··· Provided records

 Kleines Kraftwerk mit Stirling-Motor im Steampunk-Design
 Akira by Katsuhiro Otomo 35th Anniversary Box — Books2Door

······
··· Provided records

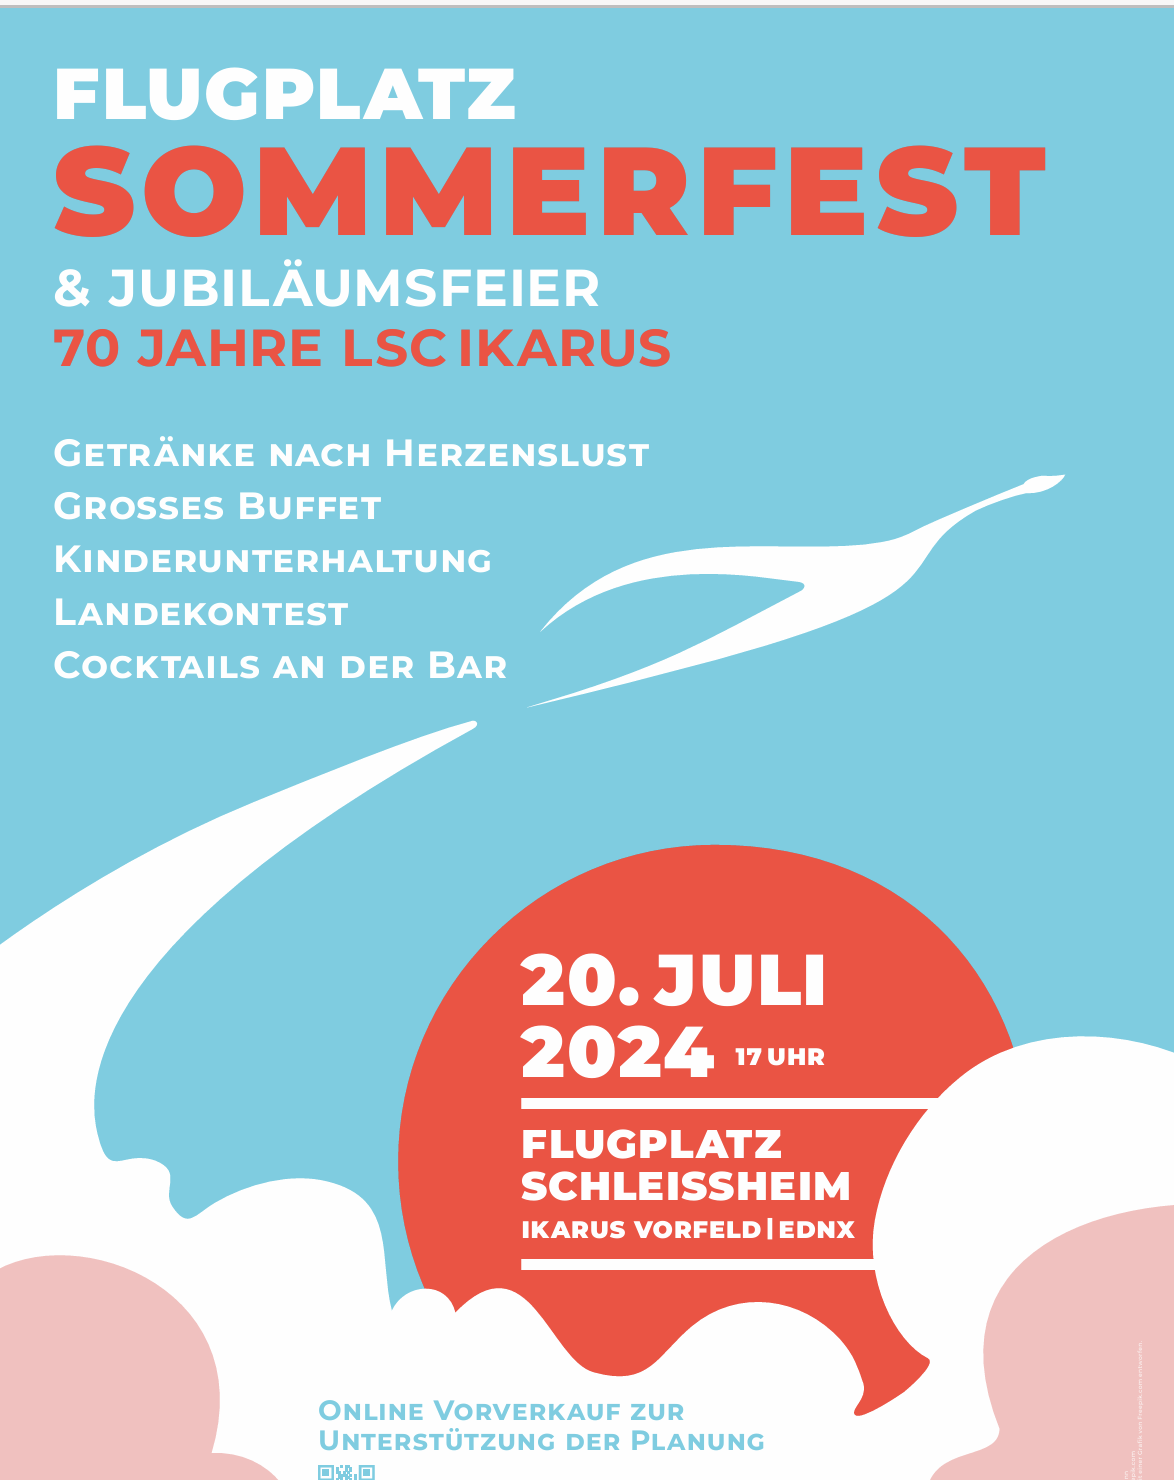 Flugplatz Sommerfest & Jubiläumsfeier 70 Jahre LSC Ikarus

······
··· Provided records

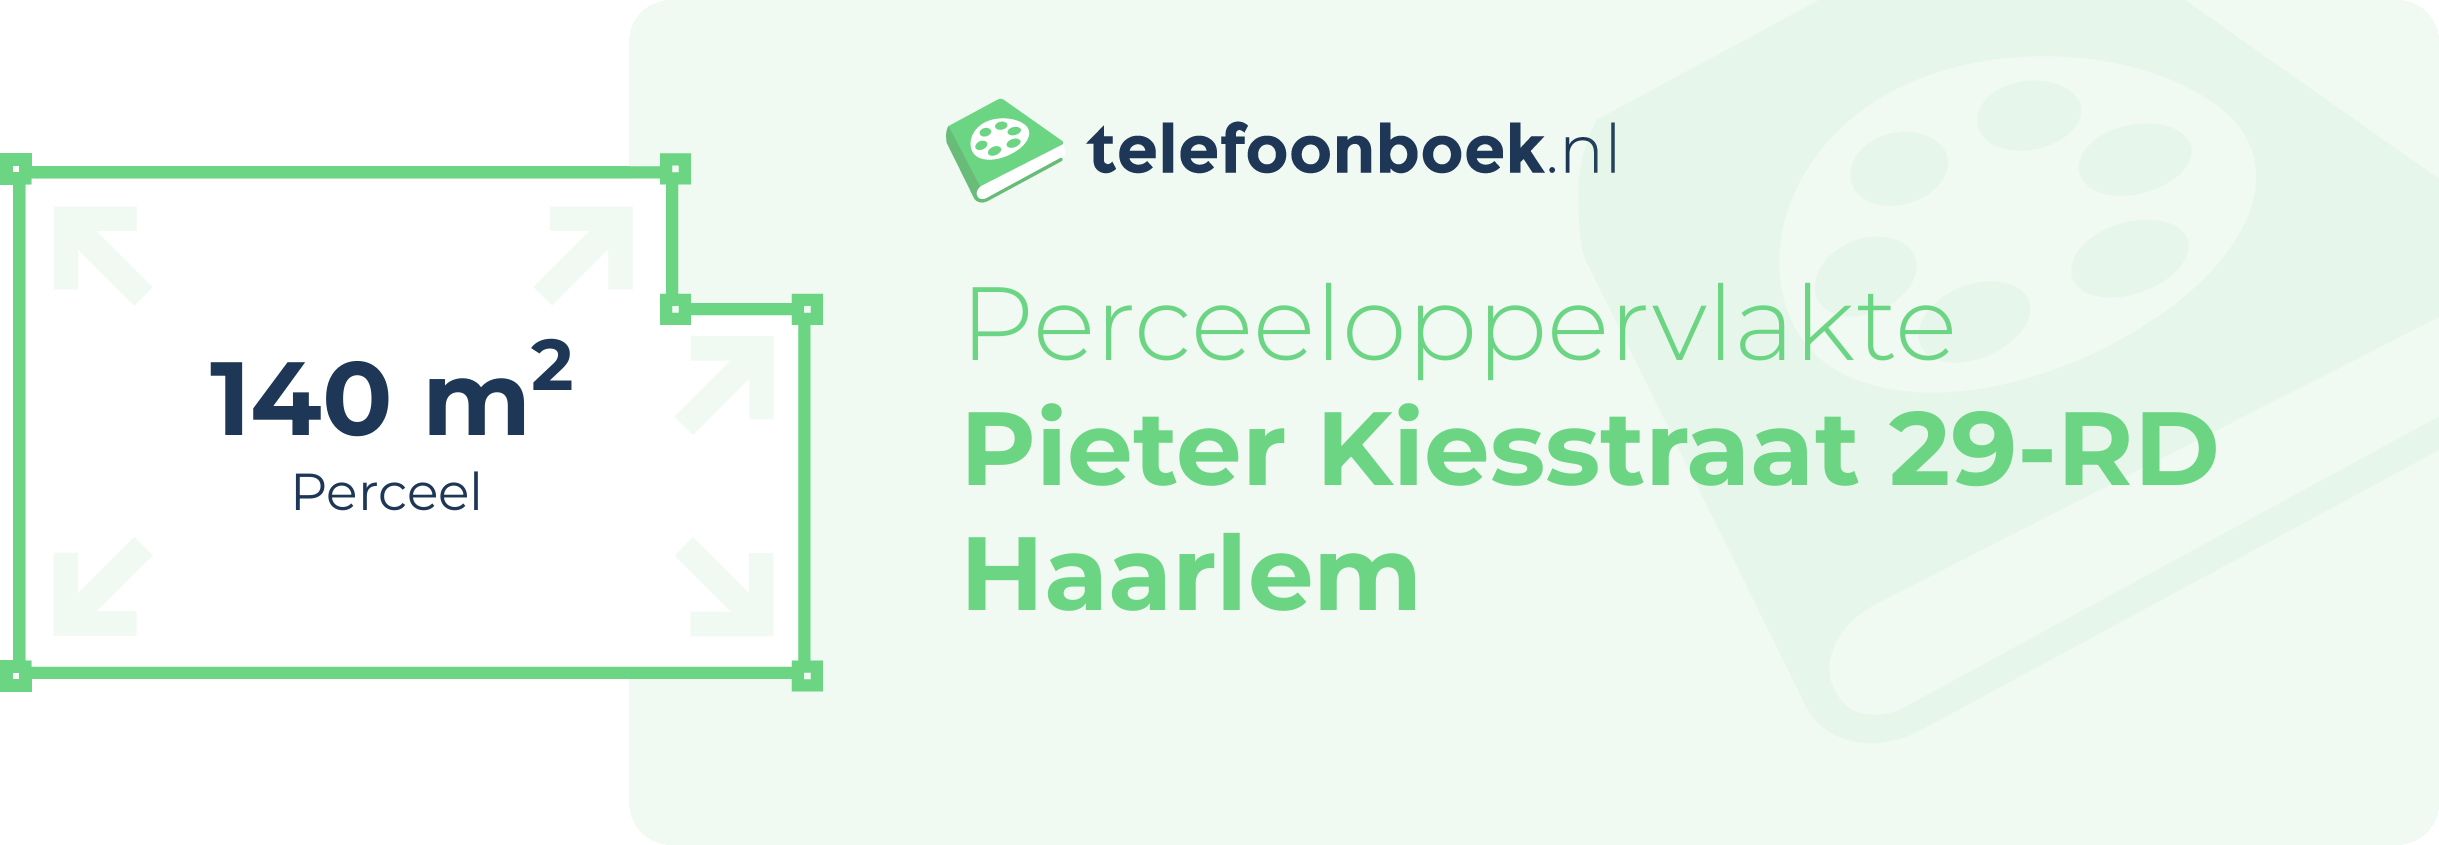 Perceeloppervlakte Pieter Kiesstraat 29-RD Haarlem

······

From the listing above, return the lines starting at the one with "Kleines Kraftwerk mit" and ending at the one with "Akira by Katsuhiro", both kept, exactly as they appear and nothing more.

 Kleines Kraftwerk mit Stirling-Motor im Steampunk-Design
 Akira by Katsuhiro Otomo 35th Anniversary Box — Books2Door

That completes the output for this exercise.